We estimated that 500 patients would be required for a definitive trial to have a power of 80% (alpha = 0.05, two-tail) to identify a patient-important difference in absolute SF-36 PCS scores (3 to 5 points)  between treatment and control groups, across a plausible range in the magnitude of the standard deviation (12 to 14) . We chose a sample size of 50 patients to assess feasibility. No interim analyses were planned.
Although not the primary objective of our pilot study, we conducted preliminary repeated measures of variance analyses, adjusted for treatment, time, fractures-at-risk, baseline questionnaire scores (only for SF-36 PCS and HUI-III scores), and three interaction terms: treatment × time, treatment × fractures-at-risk, and time × fractures-at-risk. Our analyses followed the intention-to-treat principle and all patients were analyzed according to the group they were randomized to.

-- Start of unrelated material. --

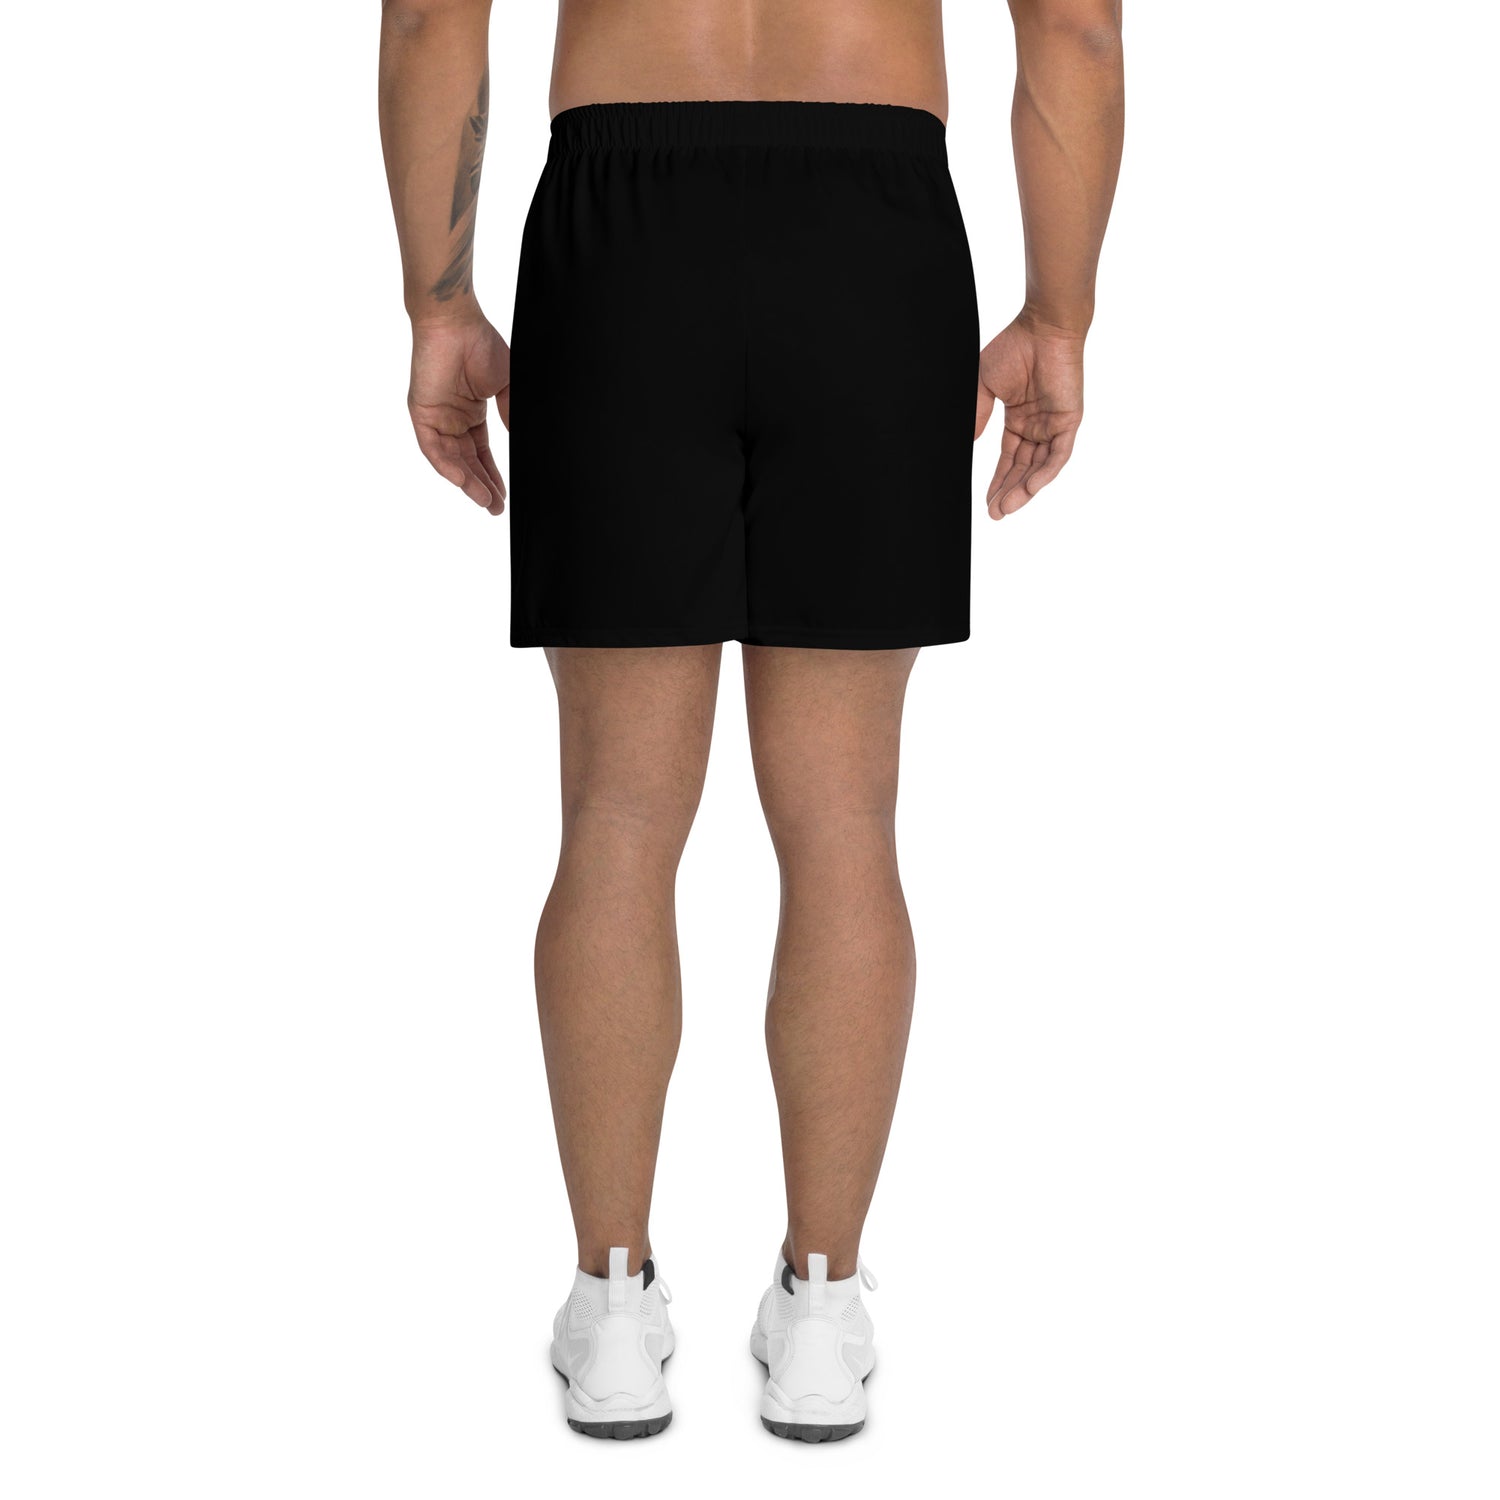 Back facing view of the black Champletes Light Speed shorts.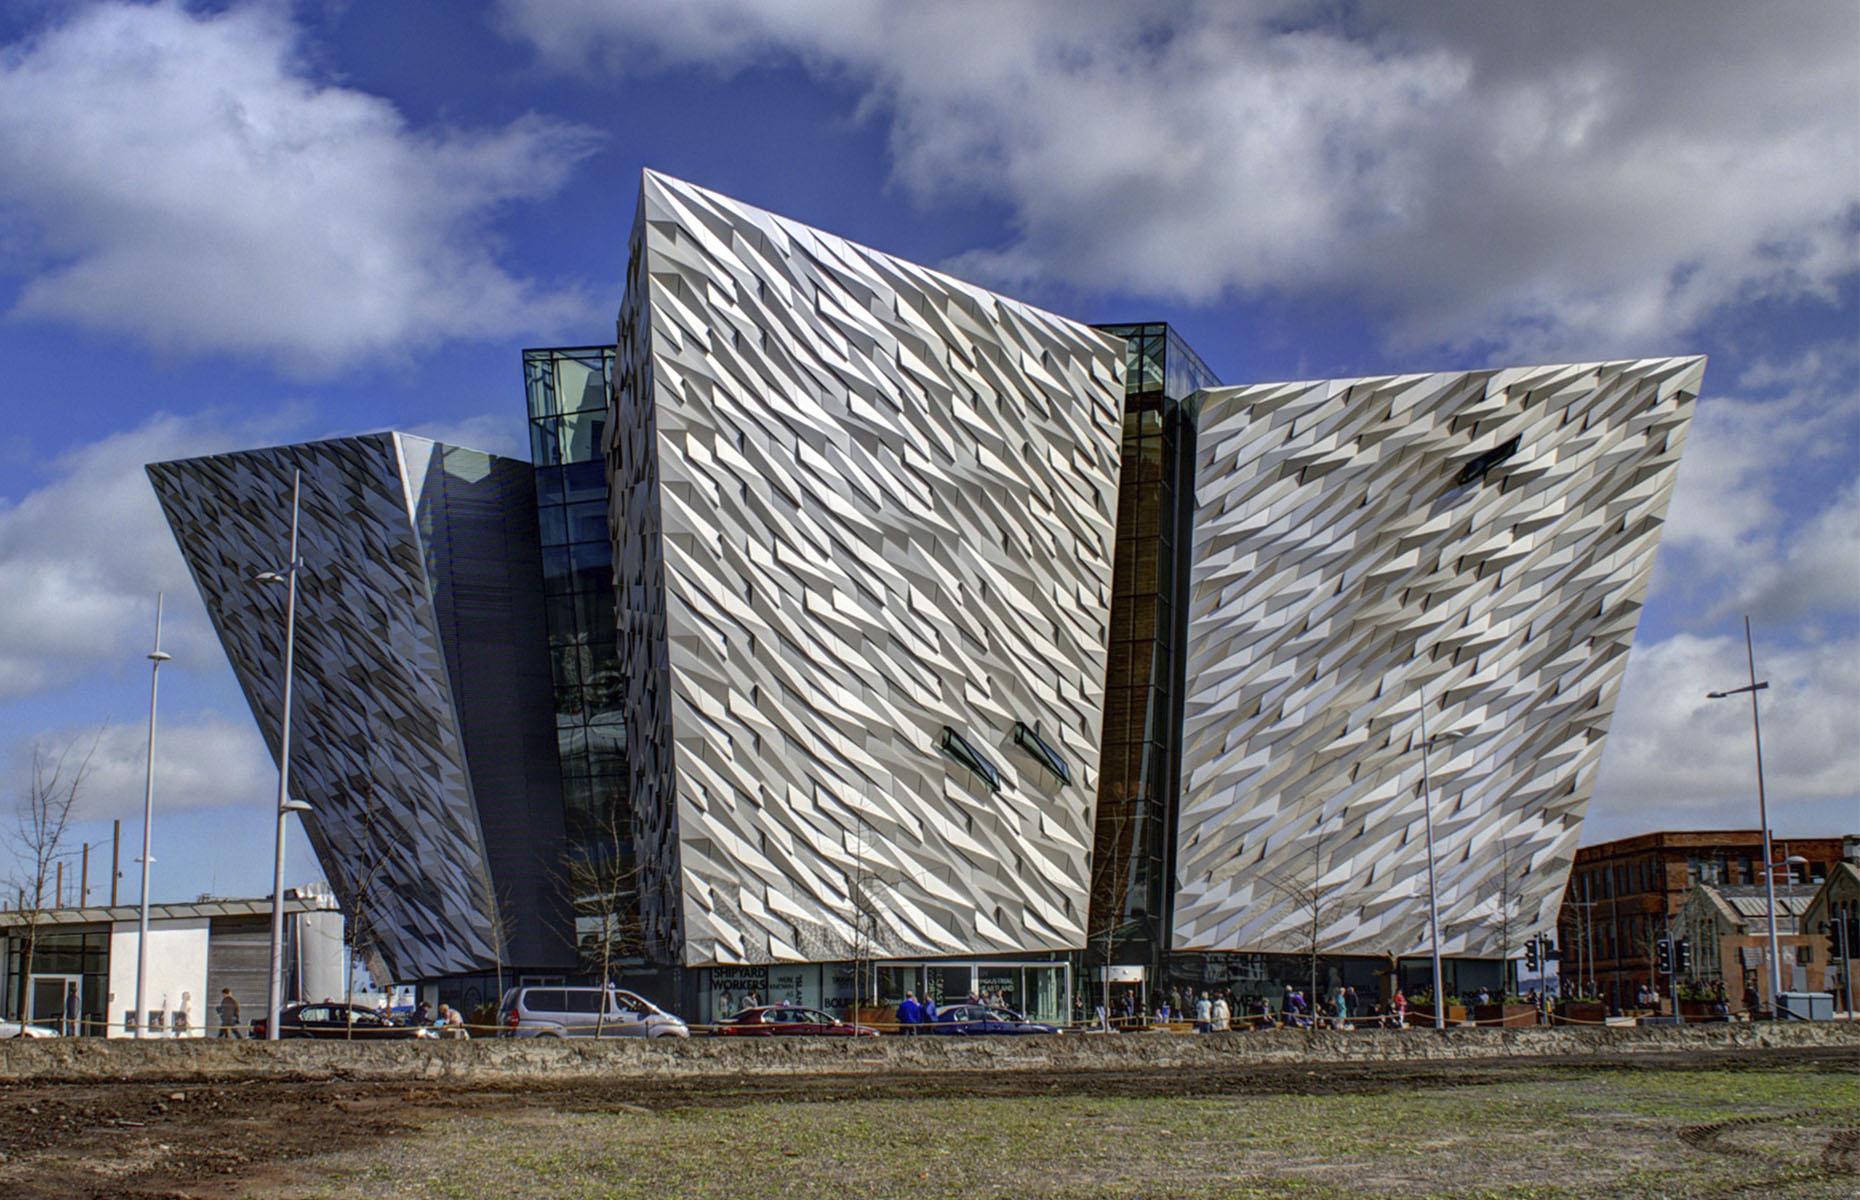 <p>There are numerous exhibitions and memorials dedicated to the Titanic. <a href="http://titanicbelfast.com/">Titanic Belfast</a> offers the definitive Titanic Experience, while <a href="https://seacitymuseum.co.uk/titanic-story">Seacity Museum</a>, Southampton tells a tale of a town where more than 500 households lost a family member. <a href="http://www.liverpoolmuseums.org.uk/maritime/visit/floor-plan/titanic/">Mersey Maritime Museum</a>, Liverpool explains the city's place in the Titanic's story, although it's currently closed due to COVID-19.</p>  <p><strong><a href="https://www.loveexploring.com/galleries/72633/secrets-of-the-titanic-life-onboard-the-worlds-most-famous-ship?page=1">Discover more secrets of life onboard the Titanic</a></strong></p>

We defined patients with fractures-at-risk a priori as those presenting with any of the following at enrolment: fracture gap (all enrolled fracture gaps were less than or equal to 1 cm), current smoker, or open fracture. We set our level of statistical significance at P <0.05. Our analyses were restricted to those patients who provided completed questionnaires or radiographs (complete case analysis). When follow-up time differed from that specified in the protocol, we used follow-up to the scheduled time point closest to the actual follow-up. If two follow-up times were equally near to a single scheduled time point, we used data from the earlier follow-up time.
Funding and role of the sponsor
The Trial to Re-evaluate Ultrasound in the Treatment of Tibial Fractures (TRUST) was funded under an industry-partnered research grant from the Canadian Institutes of Health Research and Smith & Nephew. The Canadian Institutes of Health Research had no role in the design or conduct of the study, the collection, analysis, and interpretation of the study, or the preparation, review, or approval of the manuscript. Smith & Nephew personnel reviewed initial drafts of the trial protocol and raised many issues about alternative approaches to study design. Issues regarding the protocol were resolved through negotiation between Smith & Nephew and the trial Steering Committee. Final decisions regarding the protocol and issues that might arise during the conduct of the trial were the purview of the trial Steering Committee. The investigators collected all trial data, with the exception of patient use of ultrasound devices which was recorded by an internal timer in each device. A summary of these data were obtained from Smith & Nephew when study devices were returned to them (categorized as fully complaint or partially complaint); the investigators were not provided with the actual time of usage per patient. Smith & Nephew had no role in the initial preparation of the current study manuscript but had the right to review the manuscript and make nonbinding comments and suggestions.